Statistical analysis
In this study, statistical analysis of the data was prepared by SPSS20.0 software [Bizinsight (Beijing) Information Technology Co., Ltd., Beijing, China], and all the graphs in this experiment were drawn using GraphPad Prism 6 software. Comparison of countable data was conducted with the Chi-square test, measurement data were expressed as mean ± standard deviation. The comparison between the two groups was made using the t-test, the comparison among multiple groups was analyzed by ANOVA and LSD post hoc test, and Kaplan-Meier and log rank test were used for the survival analysis. P<0.05 was considered to indicate a statistically significant difference.
Results
Expression of MRP1 mRNA, GST-π mRNA, and GSK3β mRNA in ovarian cancer and normal ovarian tissues
The expression levels of MRP1 mRNA, GST-π mRNA, and GSK3β mRNA in ovarian cancer tissues of the Experimental group were 2.23±0.23, 2.34±0.12 and 2.07±0.17, respectively, significantly higher than those in normal ovarian tissues of the Control group which had an expression of MRP1 mRNA at 1.01±0.12, GST-π mRNA at 0.94±0.14, and GSK3β mRNA at 0.89±0.11, with a statistical difference between the two groups (P<0.05) (Fig. 1). According to the average expression of MRP1 mRNA, GST-π mRNA, and GSK3β mRNA in ovarian cancer tissues, the expression levels of the three mRNAs were divided into high expression and low expression.
Expression of MRP1 mRNA, GST-π mRNA, and GSK3β mRNA in Chemotherapy-sensitive group and Chemotherapy-resistant group
According to the evaluation of chemotherapy efficacy for the Experimental group, 71 patients were chemotherapy-sensitive and 50 were chemotherapy-resistant. The expression levels of MRP1 mRNA, GST-π mRNA, and GSK3β mRNA in the Chemotherapy-sensitive group were statistically lower than those in the Chemotherapy-resistant group (P<0.05) (Table III).

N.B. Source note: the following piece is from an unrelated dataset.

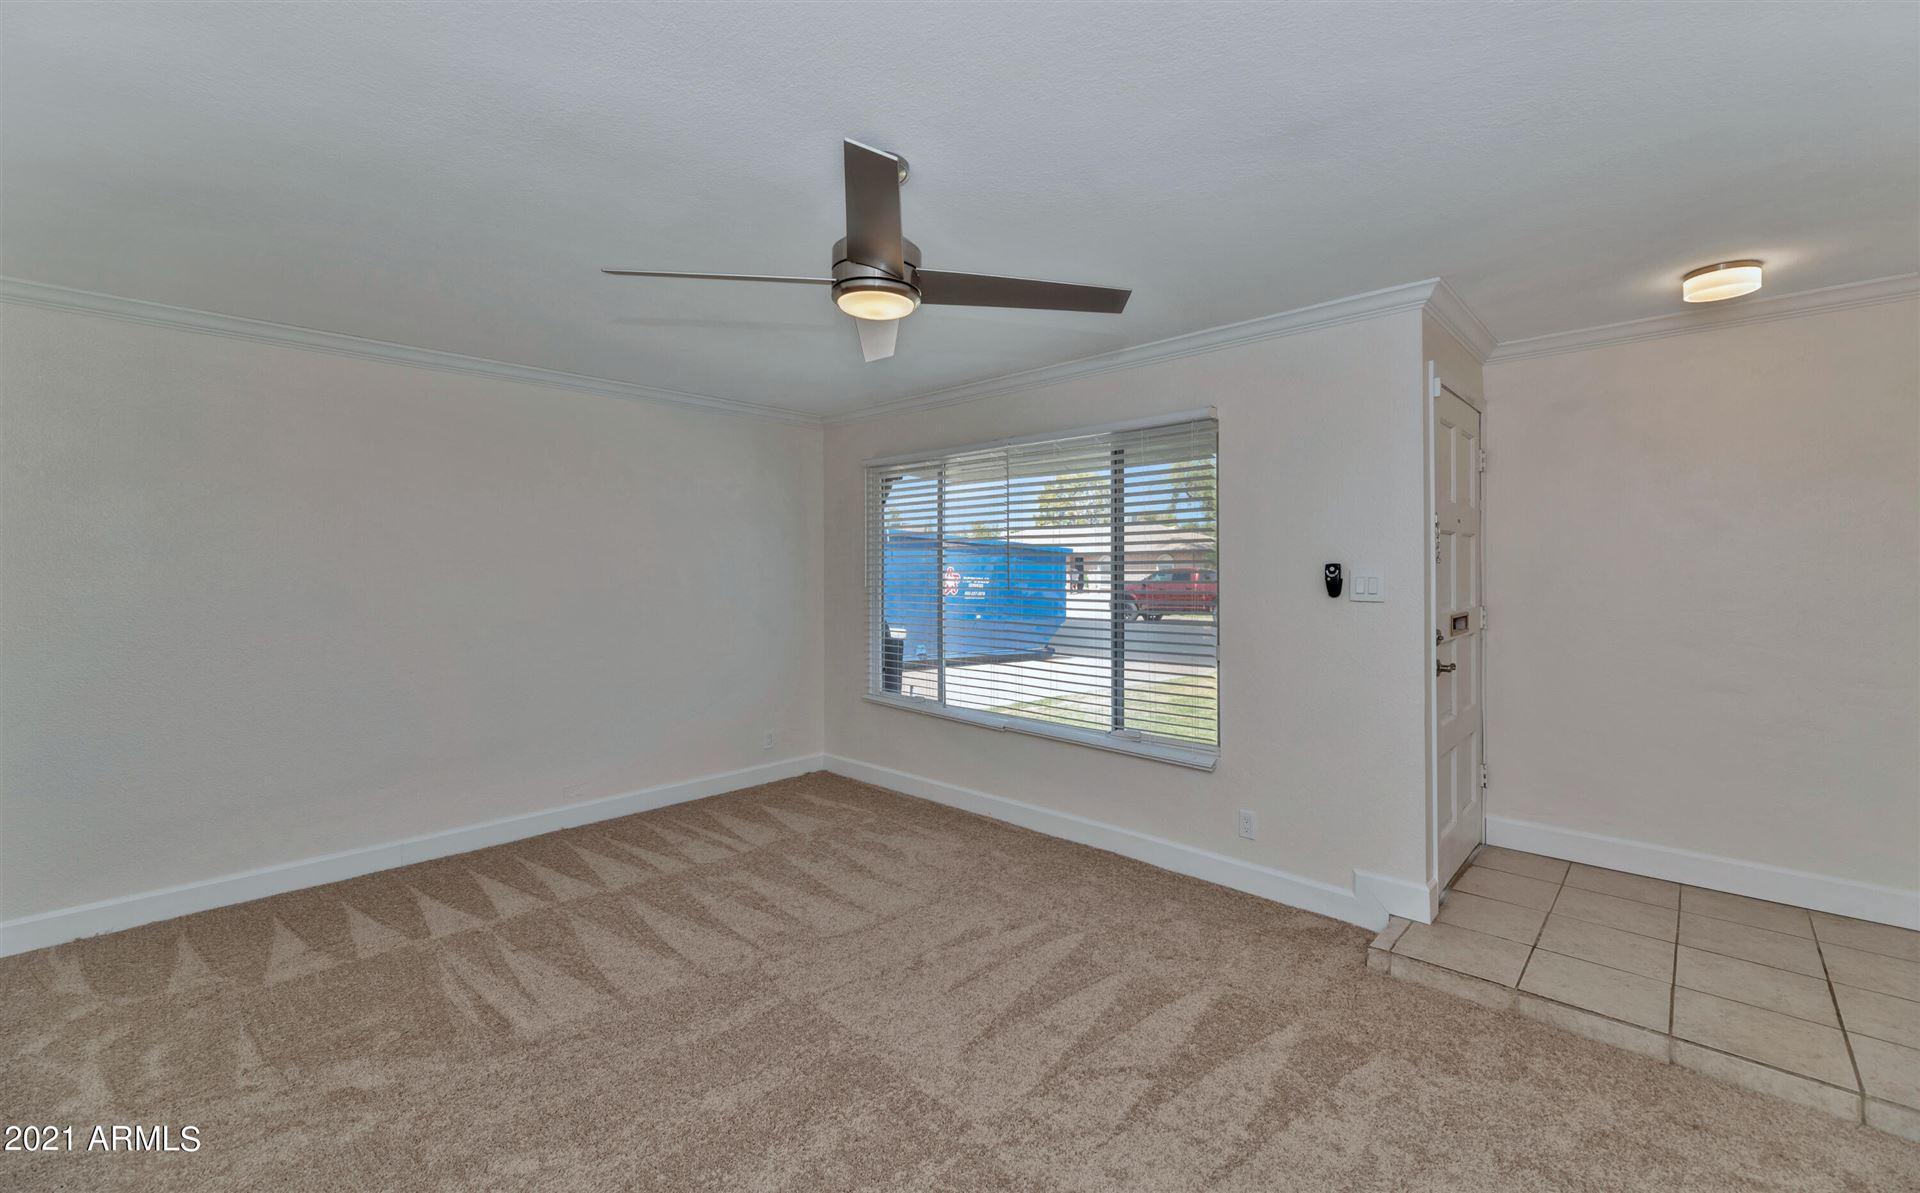 Photo of 2501 E BALBOA Drive, Tempe, AZ 85282 (MLS # 6294925)

 | Table III.Expression of all indexes in Chemotherapy-sensitive group and Chemotherapy-resistant group. |
Relationship between MRP1 mRNA, GST-π mRNA, and GSK3β mRNA in ovarian cancer tissues and different clinical pathological features
The expression of MRP1 mRNA was associated with pathological stage and pathological differentiation (P<0.05), having no significant relationship with age and pathological type (P>0.05). GST-π mRNA expression was linked to pathological type, pathological stage, and degree of differentiation (P<0.05), but not significantly related to age (P>0.05). GSK3β mRNA expression was associated with pathological stage and pathological differentiation (P<0.05), with no obvious connection with age and pathological type (P>0.05) (Table IV).
| Table IV.Relationship between MRP1 mRNA and different clinicopathological features in ovarian cancer. |
Relationship between MRP1 mRNA, GST-π mRNA, and GSK3β mRNA expression and 3-year survival rate in patients after operation
In the Experimental group, MRP1 mRNA was highly expressed in 68 patients and expression was low in 53 patients; GST-πc mRNA was highly expressed in 65 patients and expression was low in 56 patients; GSK3β mRNA was highly expressed in 69 patients and expression was low in 52 patients. The 3-year survival rates of patients with high expression of MRP1 mRNA, GST-π mRNA, and GSK3β mRNA were 33.82, 36.92 and 34.78%, respectively, much lower than the 3-year survival rates of patients with low expression of MRP1 mRNA, GST-π mRNA, and GSK3β mRNA (52.83, 53.57, and 51.92%, respectively), and the difference was statistically significant (P<0.05) (Figs. 2–4).
Discussion
Ovarian cancer, a common gynecological malignant tumor, with few obvious symptoms in its early stage, is often not correctly diagnosed until reaching the middle and advanced stages when surgical resection is not practicable (15). Therefore, chemotherapy has become the main treatment for patients with advanced ovarian cancer, but the accompanied drug resistance can have a serious impact on the treatment efficacy and the survival of patients (16). Moreover, drug resistance in intravenous chemotherapy can increase the recurrence rate of ovarian cancer and lead to an exacerbation of the prognosis of patients (17). MRP1, a drug resistance gene, has a strengthened ability to transport a negatively charged drug when highly expressed so as to reduce the drug concentration (18). GST-π can activate ATP-dependent transport enzymes on cancer cell membranes to promote excretion of chemotherapy drugs from cancer cells to reduce drug concentration (19). Many studies have indicated that the subsequent drug resistance of residue ser-9 after its activation makes a great contribution to GSK-3β's function of cancer suppression in the occurrence and development of various tumors (20). The aforementioned three factors are currently the most studied drug-related factors in clinical research. Considering the serious impact of chemotherapy resistance of ovarian cancer on patients, an effective prediction of the chemotherapy sensitivity of patients is essential.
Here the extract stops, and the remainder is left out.